» **Data for review**
--- START ---

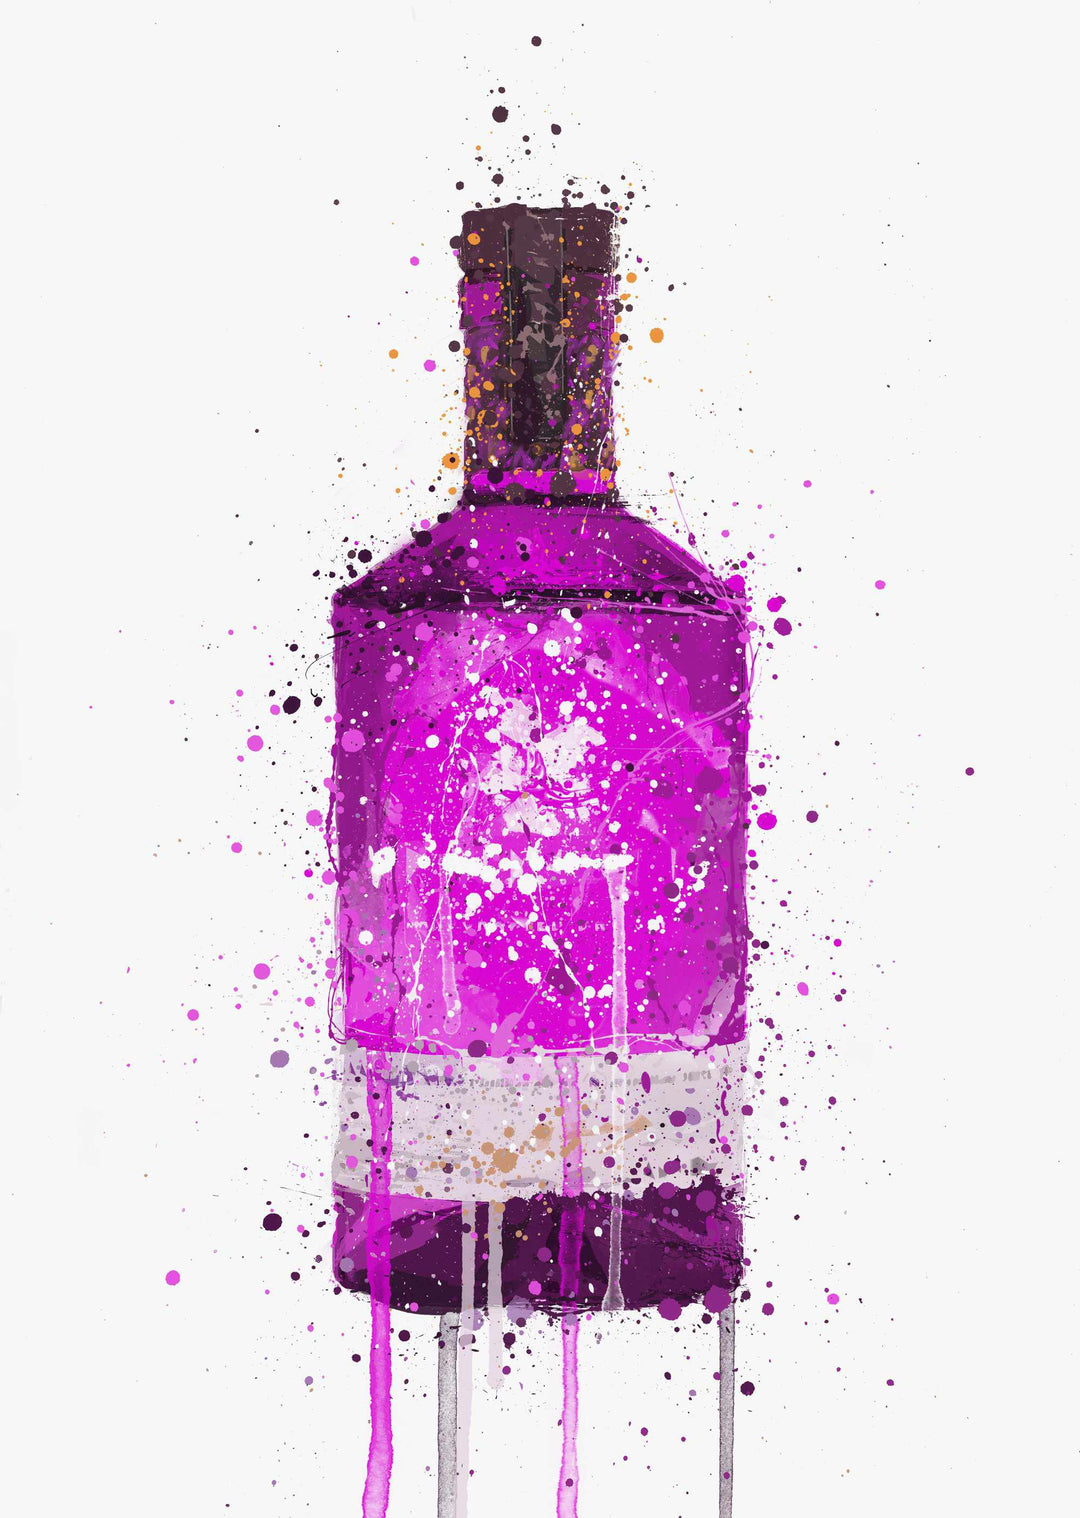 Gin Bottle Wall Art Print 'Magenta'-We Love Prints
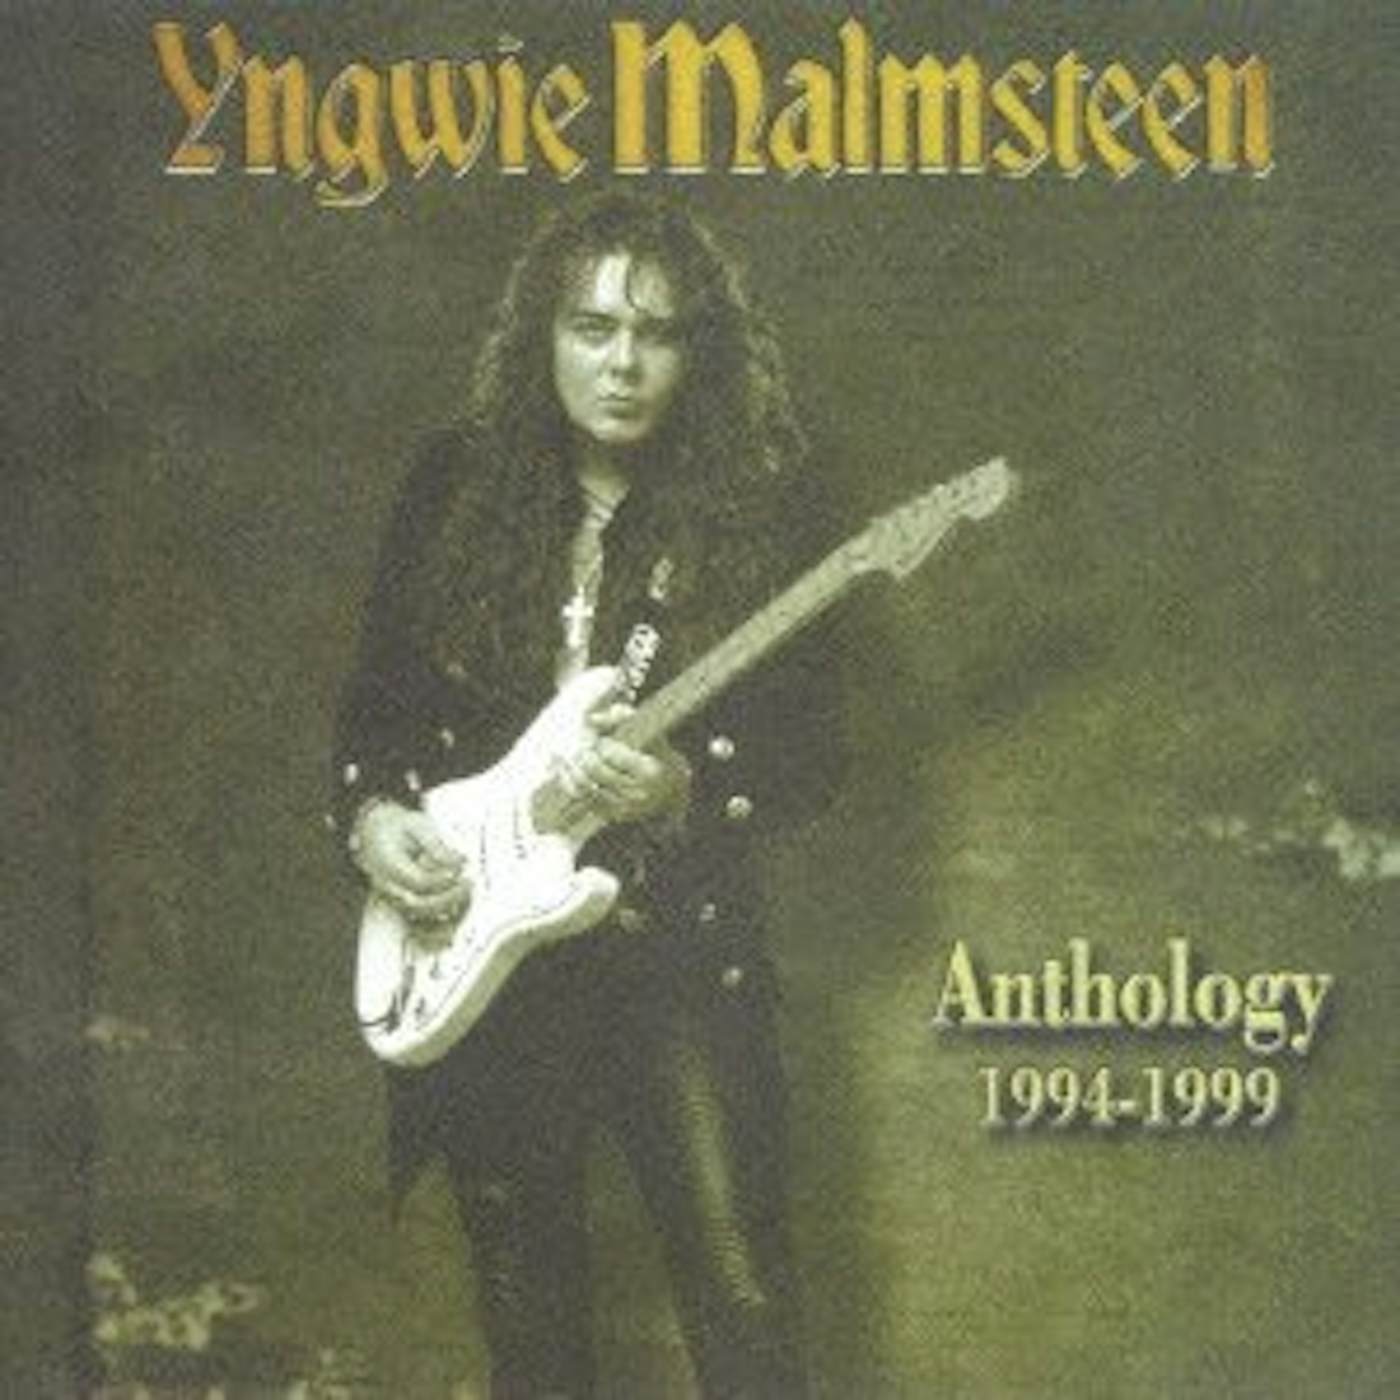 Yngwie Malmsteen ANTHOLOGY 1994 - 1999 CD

--- END ---
--- START ---

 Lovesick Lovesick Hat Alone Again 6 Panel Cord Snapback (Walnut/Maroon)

--- END ---
--- START ---

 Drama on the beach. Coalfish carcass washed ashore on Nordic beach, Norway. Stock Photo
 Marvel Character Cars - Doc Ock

--- END ---

» **What the exercise asks**
Since only part of the listing is wanted, copy exactly the lines from the one holding "Drama on the" to the one holding "Marvel Character Cars - Doc Ock", both included.

» **Expected answer**
 Drama on the beach. Coalfish carcass washed ashore on Nordic beach, Norway. Stock Photo
 Marvel Character Cars - Doc Ock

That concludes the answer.